Provided records:
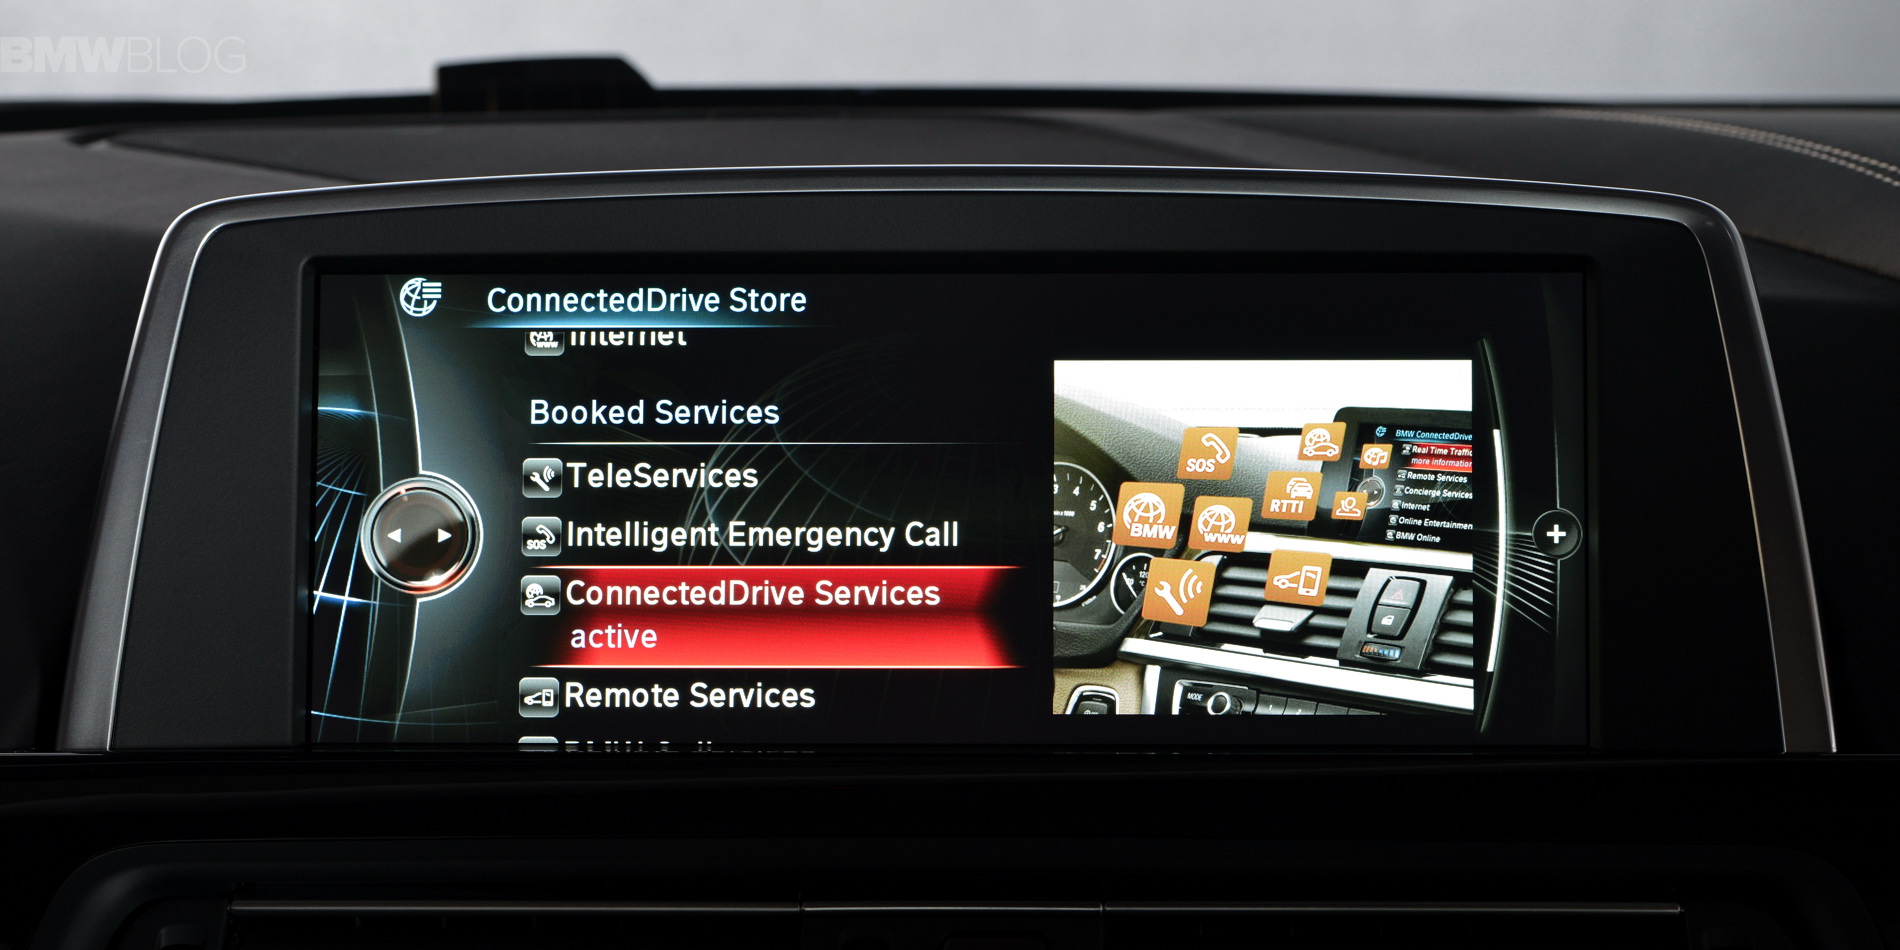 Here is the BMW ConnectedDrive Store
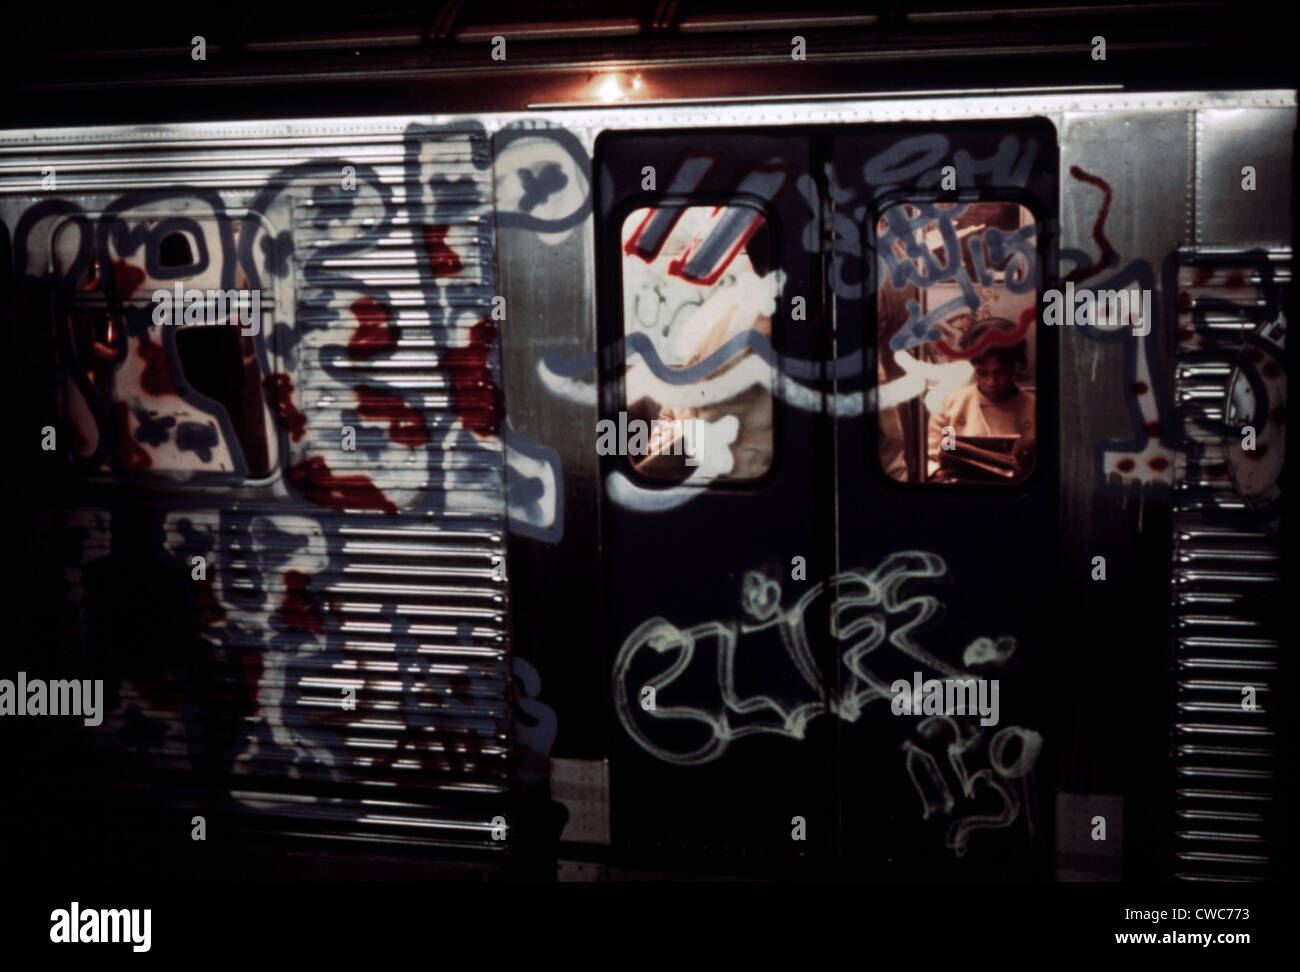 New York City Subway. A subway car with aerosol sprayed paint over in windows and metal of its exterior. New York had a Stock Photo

...

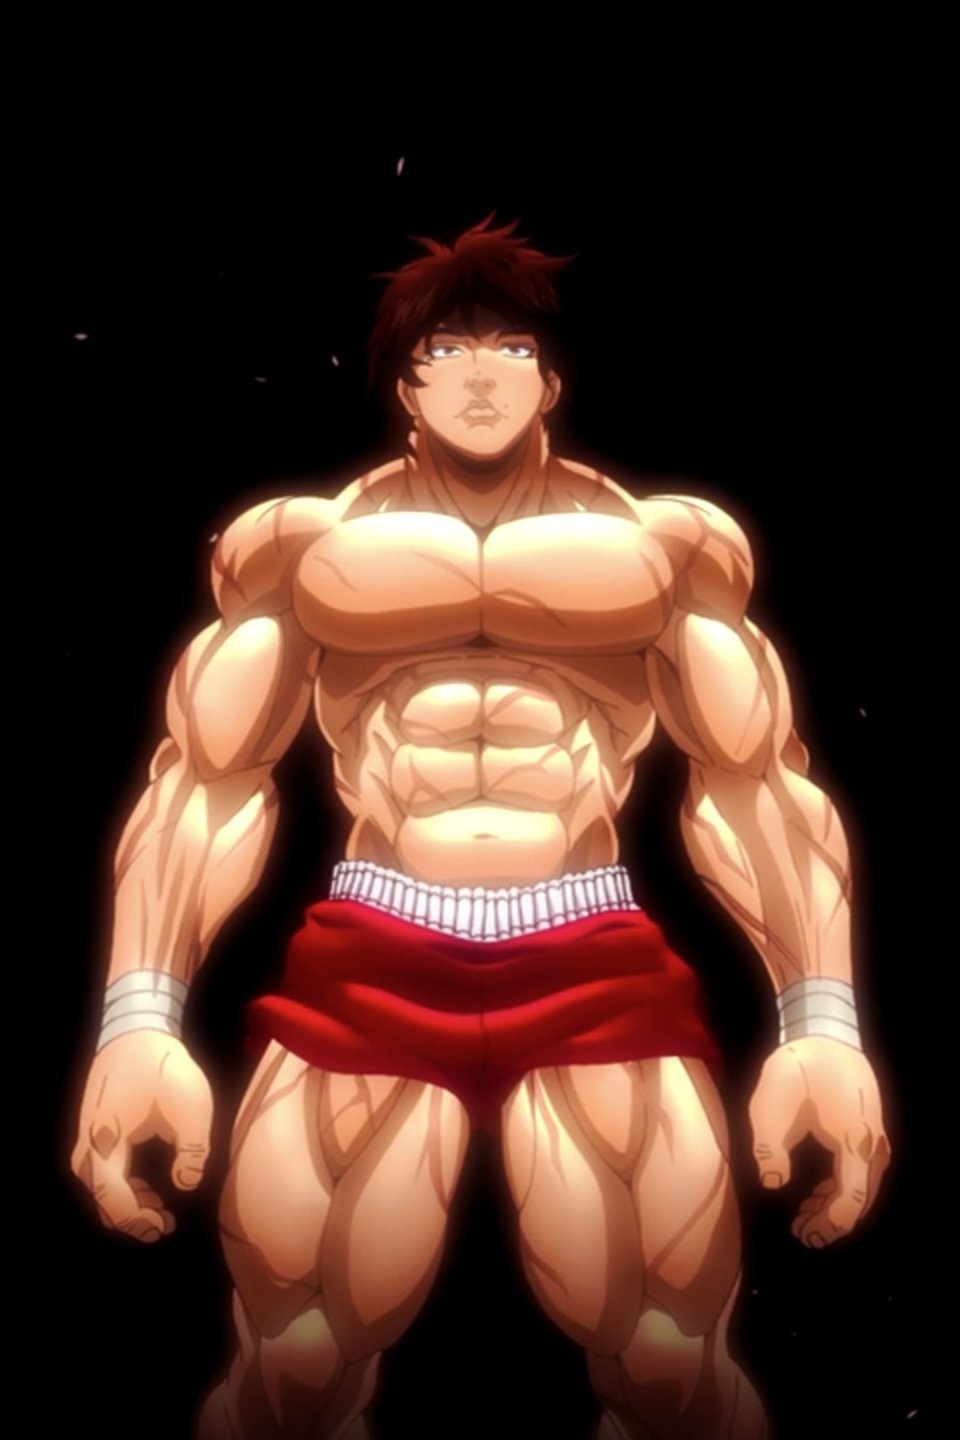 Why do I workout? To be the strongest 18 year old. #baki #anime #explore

What is required: Starting at the line containing "Here is the BMW ConnectedDrive Store" and stopping at the line containing "New York City", output each line exactly as it appears above. Leave out the pictures.

Finished exercise:
 Here is the BMW ConnectedDrive Store
 New York City Subway. A subway car with aerosol sprayed paint over in windows and metal of its exterior. New York had a Stock Photo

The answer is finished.